◆ Problem details:
Extract each line of the material that follows exactly and omit its pictures.

◆ Given data:
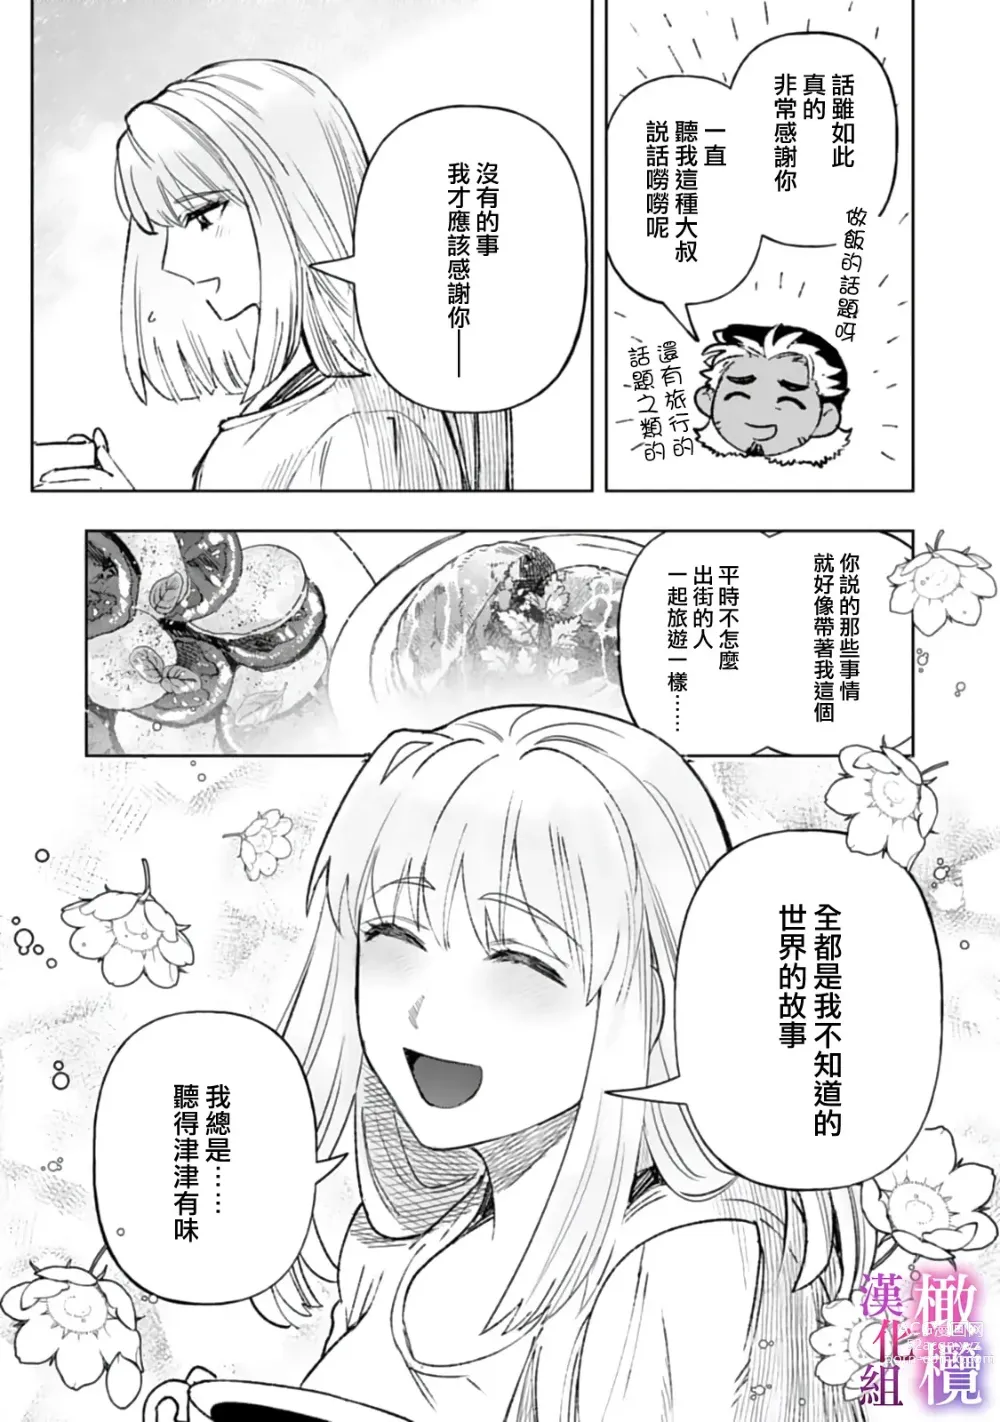 Page 9 of manga 本能性欲 温柔年上狼沉醉于处女费洛蒙 01~03
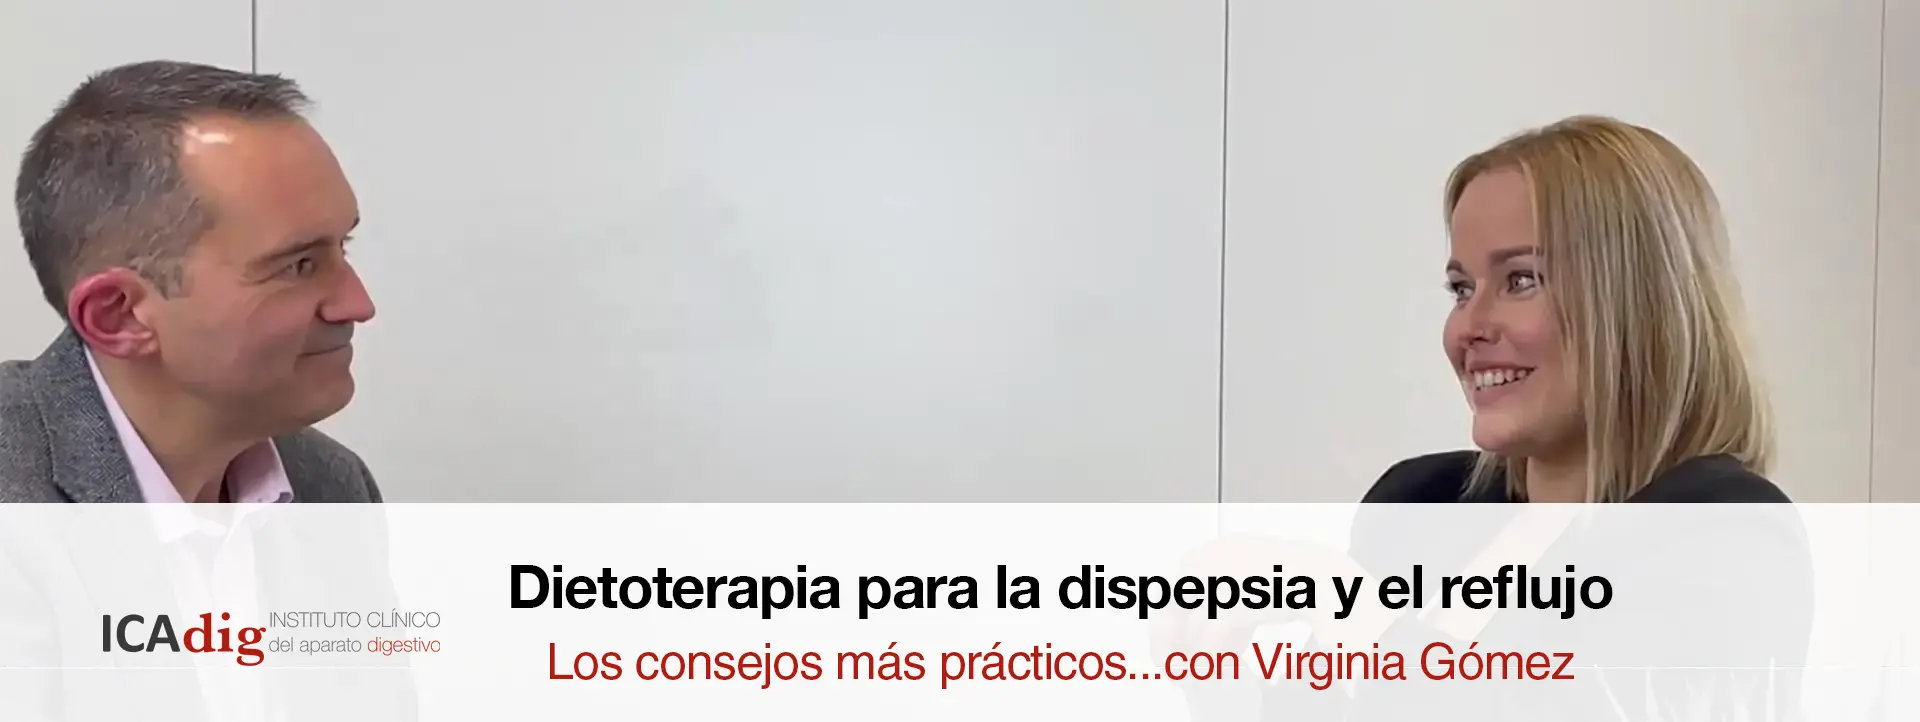 Dietoterapia para la dispepsia y el reflujo con Virginia Gómez icadig
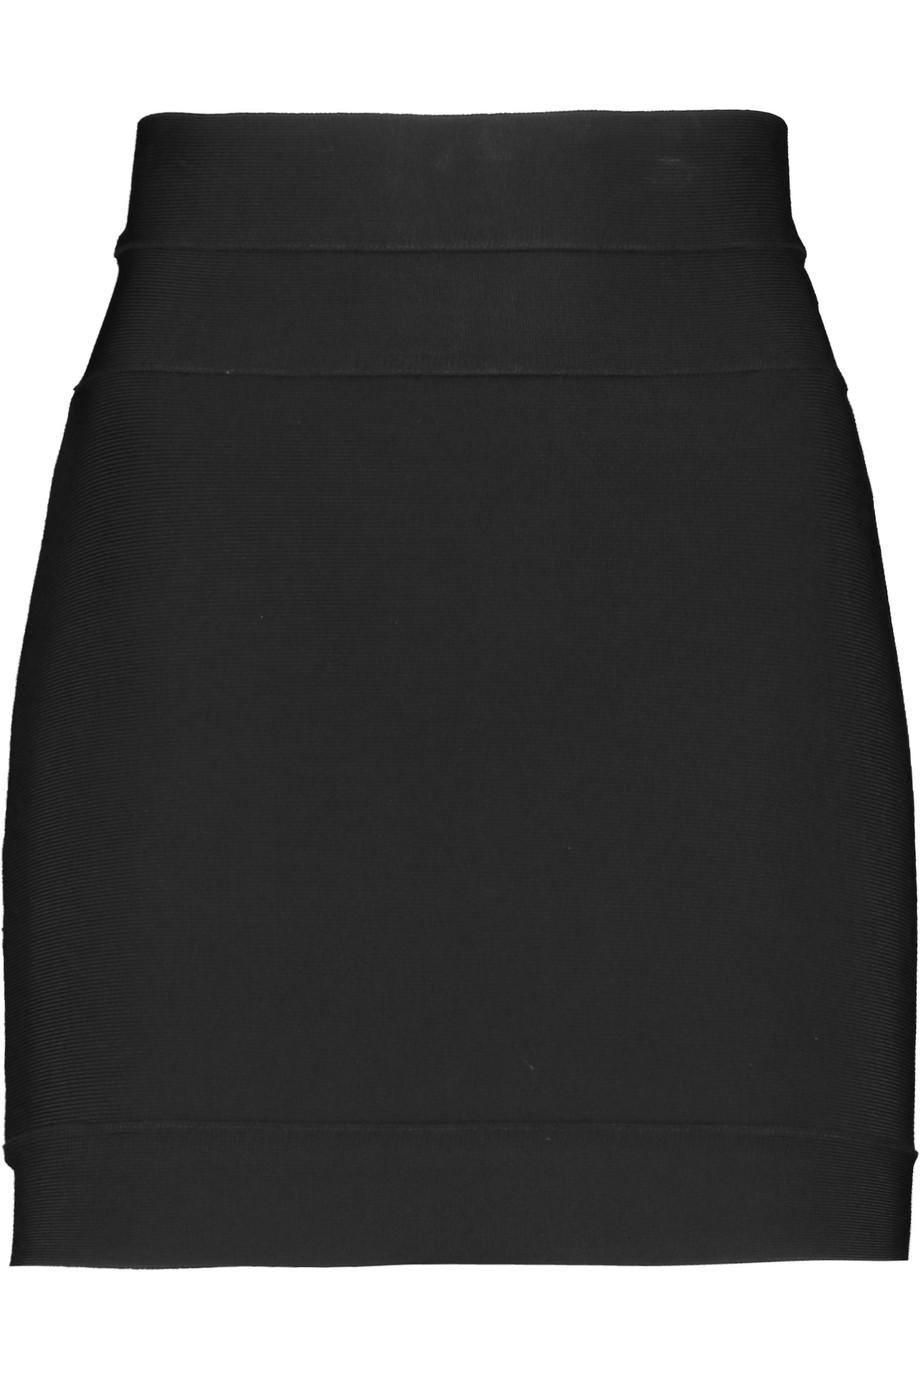 Herve Leger Bandage Mini Skirt | ModeSens

◆ Written reply:
 Page 9 of manga 本能性欲 温柔年上狼沉醉于处女费洛蒙 01~03
 Dietoterapia para la dispepsia y el reflujo con Virginia Gómez icadig
 Herve Leger Bandage Mini Skirt | ModeSens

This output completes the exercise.